Le Trifluvien Luc Tardif agit comme chez de mission de la France pour la deuxième fois de sa carrière, après l’expérience de Sotchi 2014.

Un Trifluvien en charge des Cousins

Trois-Rivières — Pour une deuxième fois en quatre ans, il y aura une importante touche trifluvienne au cœur de la délégation française qui participera aux Jeux olympiques de PyeongChang. Le chef de mission, Luc Tardif, puise en effet ses racines à Trois-Rivières où il a grandi avant de s’exiler dans l’Hexagone. D’abord parti pour y jouer au hockey, il y a finalement bâti sa vie.

Bien impliqué dans le monde du sport français, de par ses titres de président de la Fédération française de hockey sur glace et membre du comité exécutif de la Fédération internationale de hockey sur glace, Tardif a vécu ses premiers Jeux olympiques au cœur de la mission française en 2010 à Vancouver, dans un rôle opérationnel. Puis, quatre ans plus tard, le Comité olympique français décidait de lui confier le prestigieux rôle de chef de mission. Une offre tout simplement irrésistible.

«J’étais déjà très surpris qu’on fasse appel à moi pour Sotchi. Ils m’ont demandé une deuxième fois alors il faut croire qu’ils étaient satisfaits. Ils n’ont pas eu besoin de me le demander deux fois! J’ai trouvé que c’était une expérience tellement extraordinaire à Sotchi. Je suis convaincu que ce sera la même chose pour PyeongChang.»

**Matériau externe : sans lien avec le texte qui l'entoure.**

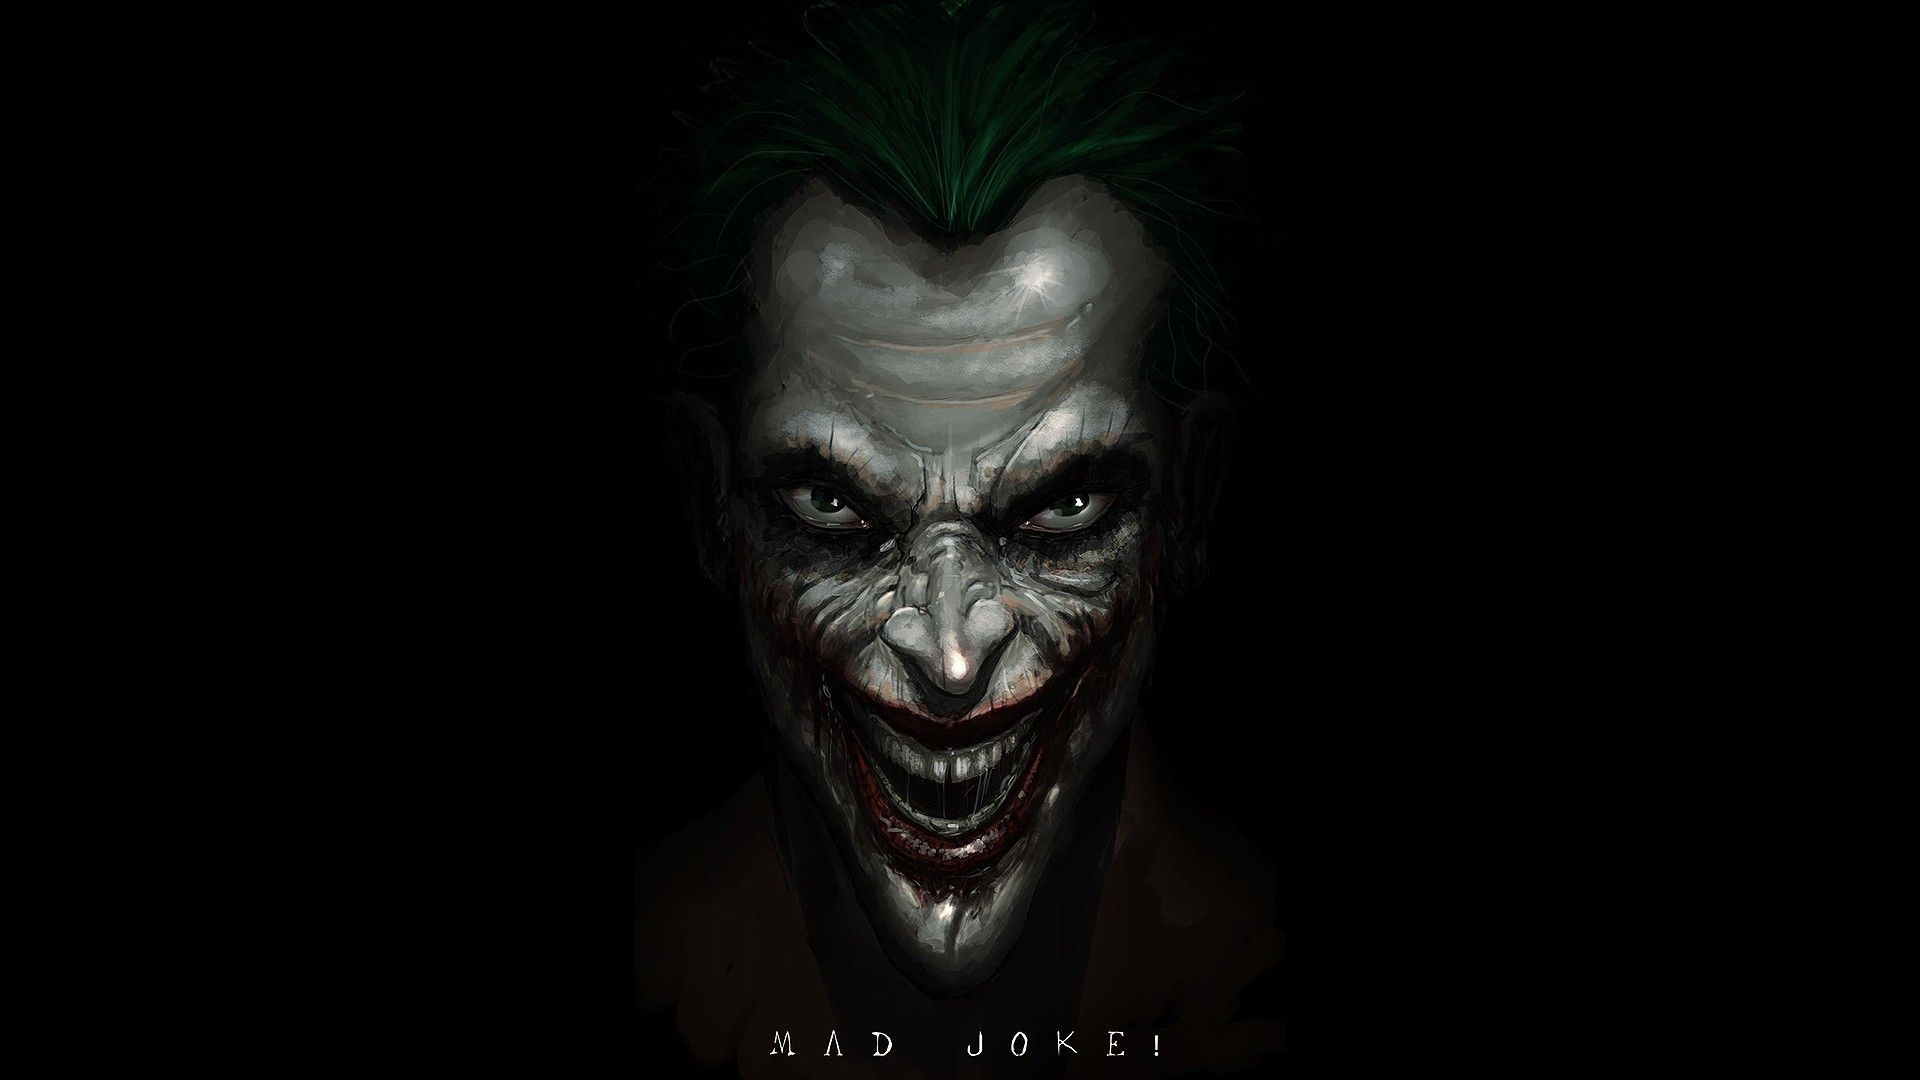 Joker Mobile Hd Wallpaper Wallpaper Download High Resolution 4k Wallpaper
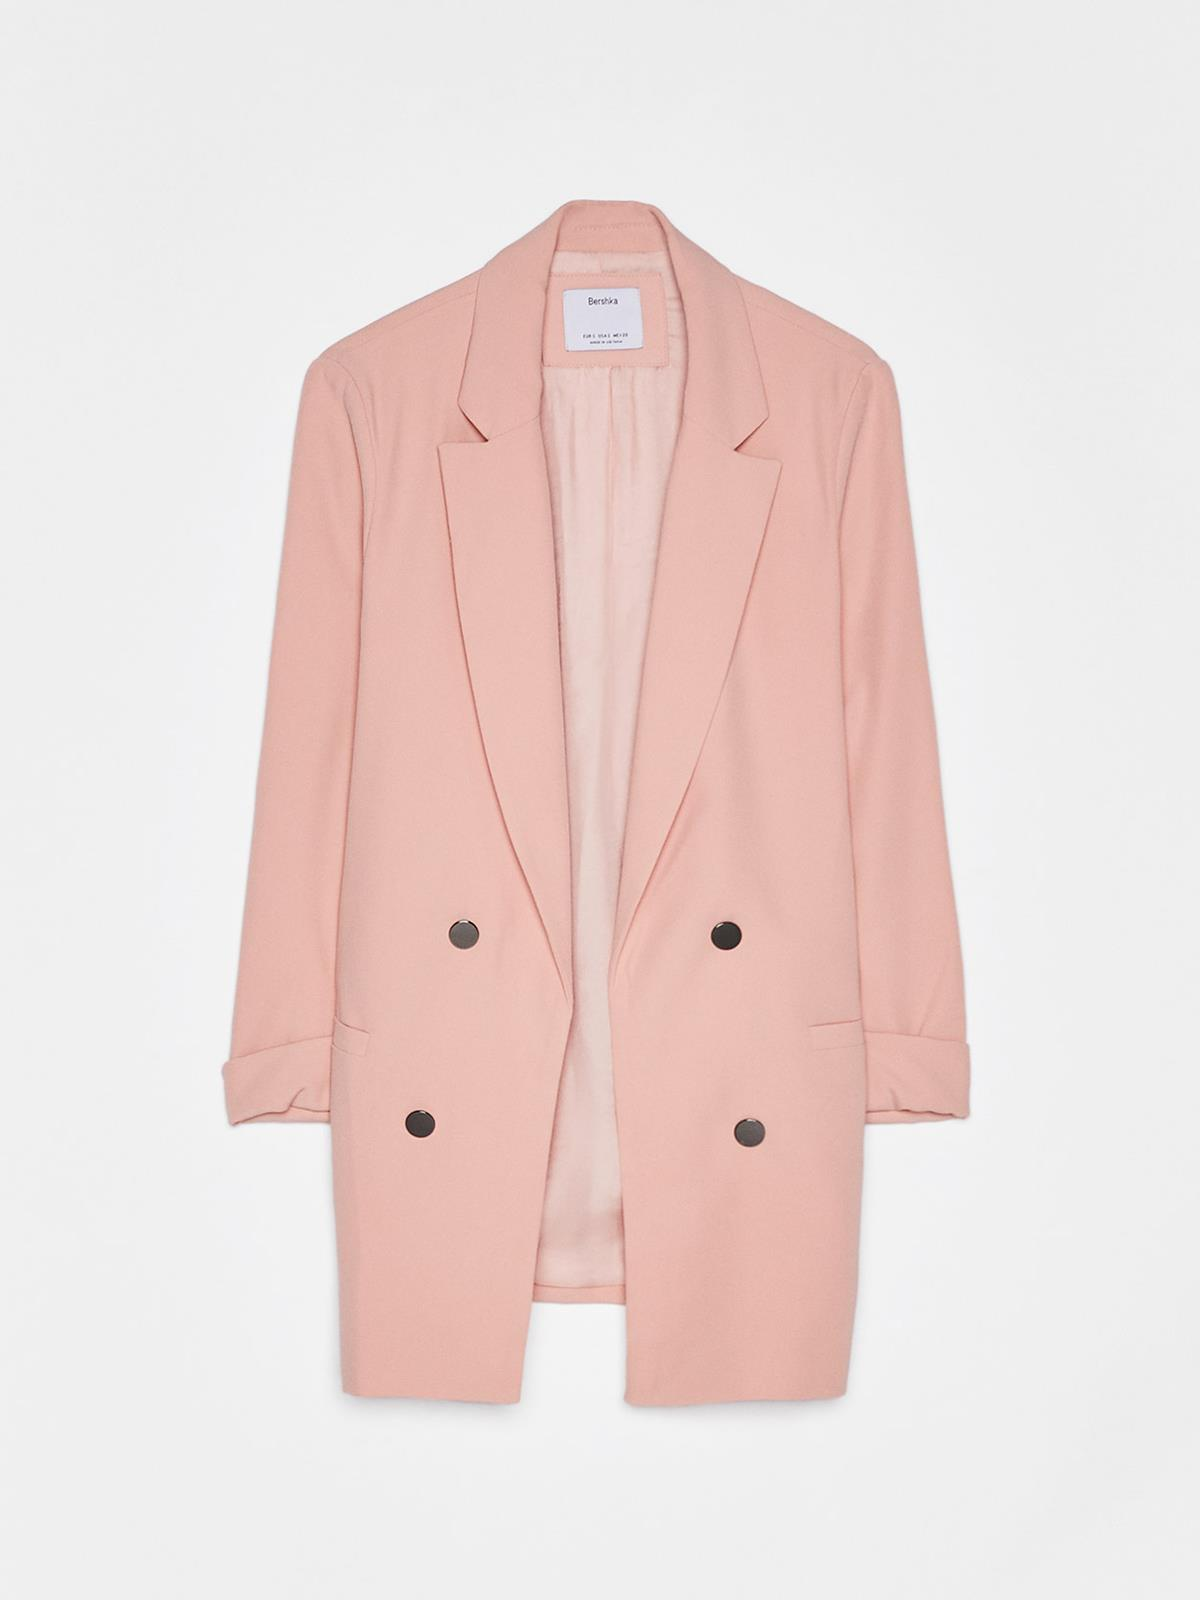 21ec17d78 blazer-rosa-bershka. Blazer rosa pastel

Lors de son baptême comme chef de mission en 2014, la France a réalisé une brillante performance collective en fracassant son record de médailles. Si les athlètes français ont paradé 15 fois sur le podium à Sotchi (4 d’or, 4 d’argent, 7 de bronze), Luc Tardif croit sa délégation capable d’améliorer cette marque au cours des prochains jours en Corée du Sud.

«On n’est pas dans toutes les disciplines, comme le Canada, par exemple. Mais on fonde encore un peu plus d’espoir pour PyeongChang que Sotchi». Parmi les disciplines de prédilection chez les Cousins, il faudra surveiller à peu près tout ce qui nécessite des skis. «Nous sommes les meneurs à la Coupe du monde en biathlon. Nous avons aussi de grands espoirs en ski alpin, en ski de fond et aussi en patinage artistique», mentionne celui qui chapeautera une délégation de 107 athlètes et quelque 250 personnes.

Confronté... au Canada!
Parti le 1er février pour la Corée du Sud, Luc Tardif s’attend à nouveau à des journées fort chargées, mais combien enrichissantes ! En France, le poste de chef de mission diffère quelque peu de celui au Comité olympique canadien. Si le rôle est souvent confié à un athlète émérite au Canada, la tâche est davantage organisationnelle et politique chez les Français.

«C’est un poste assez stratégique. Je dois faire l’interface entre le comité olympique, le comité organisateur et la délégation française. Bref, je dois tout faire en mon possible pour mettre les athlètes dans les meilleures conditions pour performer.»

À Sotchi, le Trifluvien s’était en quelque sorte retrouvé confronté à son pays natal devant le Tribunal arbitral du sport (TAS). Après un triplé français en ski-cross masculin, le Canada avait déposé une plainte contre les skieurs français, prétextant qu’ils avaient modifié leur pantalon illégalement afin d’en améliorer l’aérodynamisme. La France a finalement eu gain de cause et a pu conserver ses médailles, au terme de longues heures de travail et de délibération.

«Il ne faut pas en avoir trop souvent des situations comme ça. Ce sont de longues journées. Mais en même temps, on est habitués pendant les Jeux. On fait des journées de fous. On revient raide mort, mais c’est de la bonne fatigue!».

À travers toutes les histoires sportives et humaines qui s’écriront grâce au sport, Luc Tardif a également bien hâte à deux moments phares des Jeux olympiques.

«Les cérémonies, c’est inoubliable. À l’ouverture, c’est grandiose, tandis qu’à la fermeture, c’est la cérémonie du soulagement. Tout est terminé.»